Human neuronal loss associated with neurodegenerative diseases occurs through different cellular mechanisms, mainly studied in vitro because of animal anatomical complexity. However, in the paper Multiple forms of neural cell death in the cyclical brain degeneration of a colonial chordate, published in the journal cells (https://doi.org/10.3390/cells12071041), the authors characterized the neuronal death in Botryllus schlosseri, a simple marine colonial tunicate. This organism shares substantial genomic homology with mammals and has a life history in which controlled neurodegeneration happens simultaneously in the brains of adult zooids during a cyclical phase named takeover.

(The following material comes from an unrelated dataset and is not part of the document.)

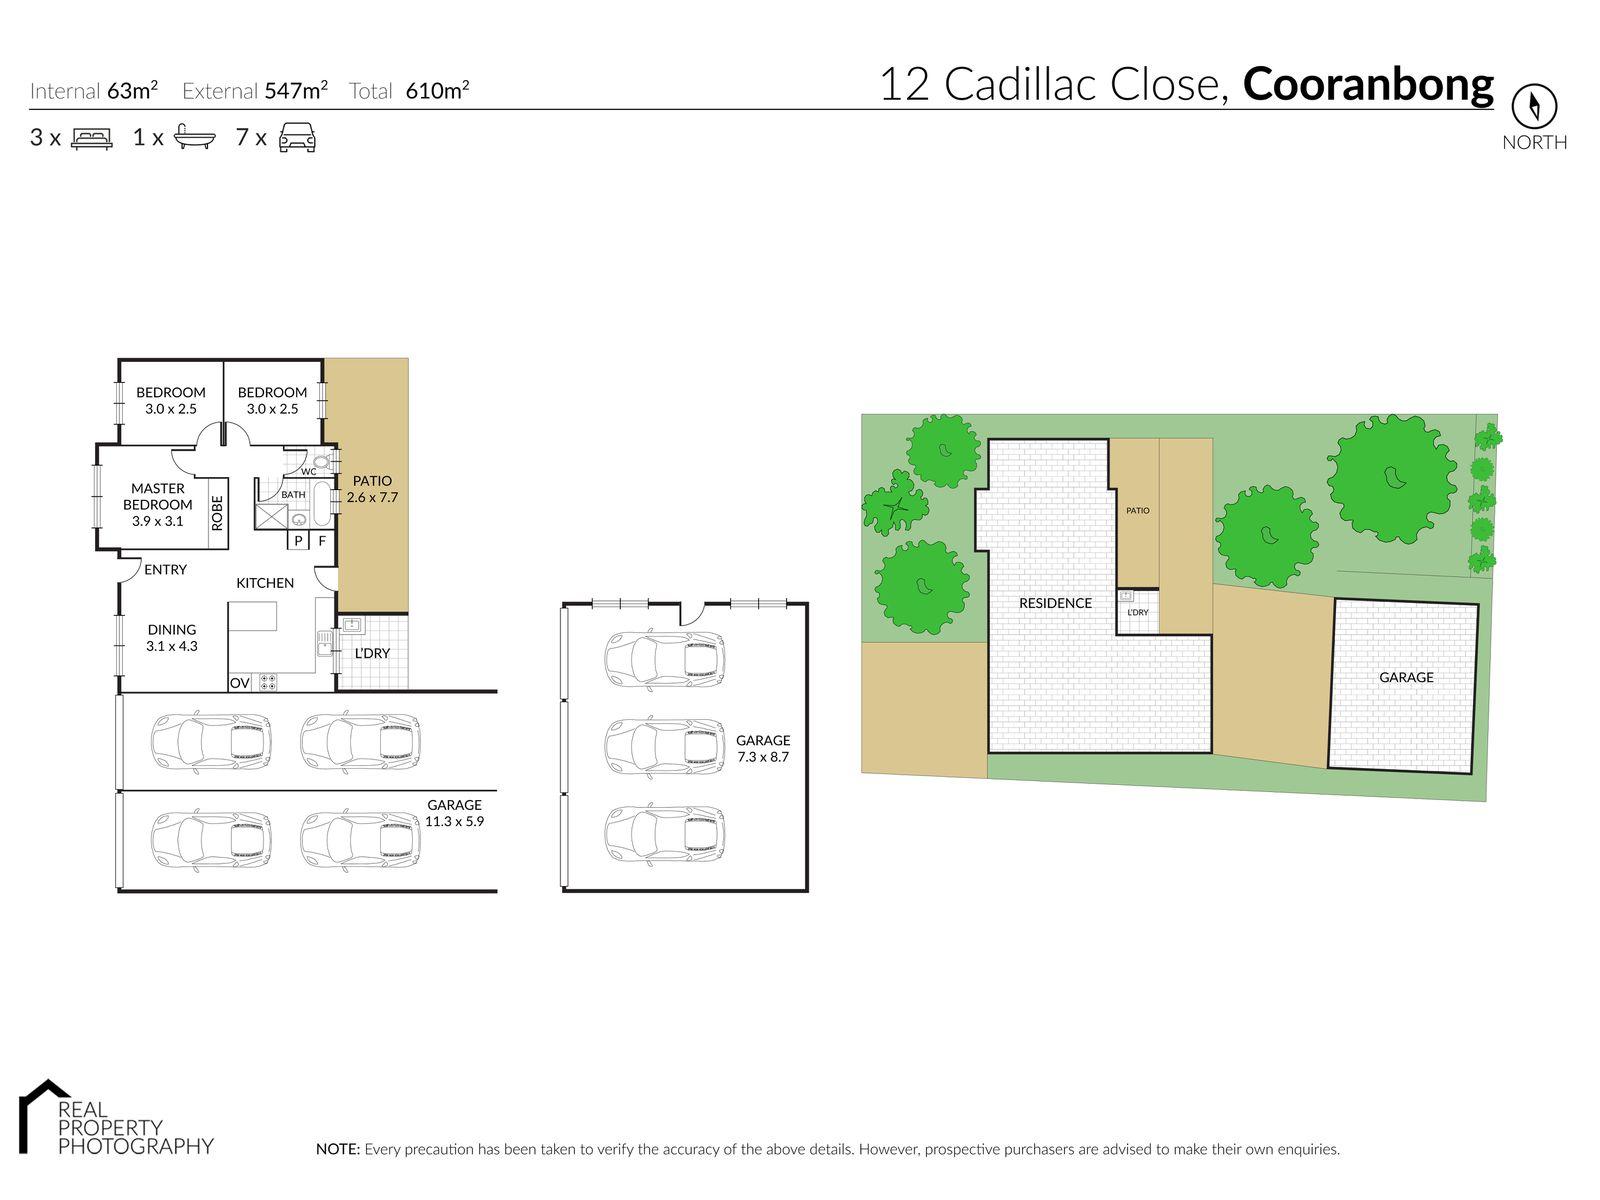 12 Cadillac Close, Cooranbong

The research was coordinated by Chiara Anselmi (PhD at DiBio UNIPD, now post-doc at Stanford University), Lucia Manni (together with Federico Caicci and Veronica Giusti, DiBio, UNIPD), and collaborators of University of Milan and Stanford. Using an ultrastructural and transcriptomic approach, the authors showed that multiple neuronal death forms, namely apoptosis, necrosis and autophagy, characterize neurodegeneration in B. schlosseri. They also found that neurodegeneration exhibits a cell-to-cell, prion-like propagation recalling the conformational disorders typical of some human neurodegenerative pathologies. Therefore, B. schlosseri, exhibiting a repeated degeneration program, may yield mechanistic insights relevant to the study of neurodegenerative diseases.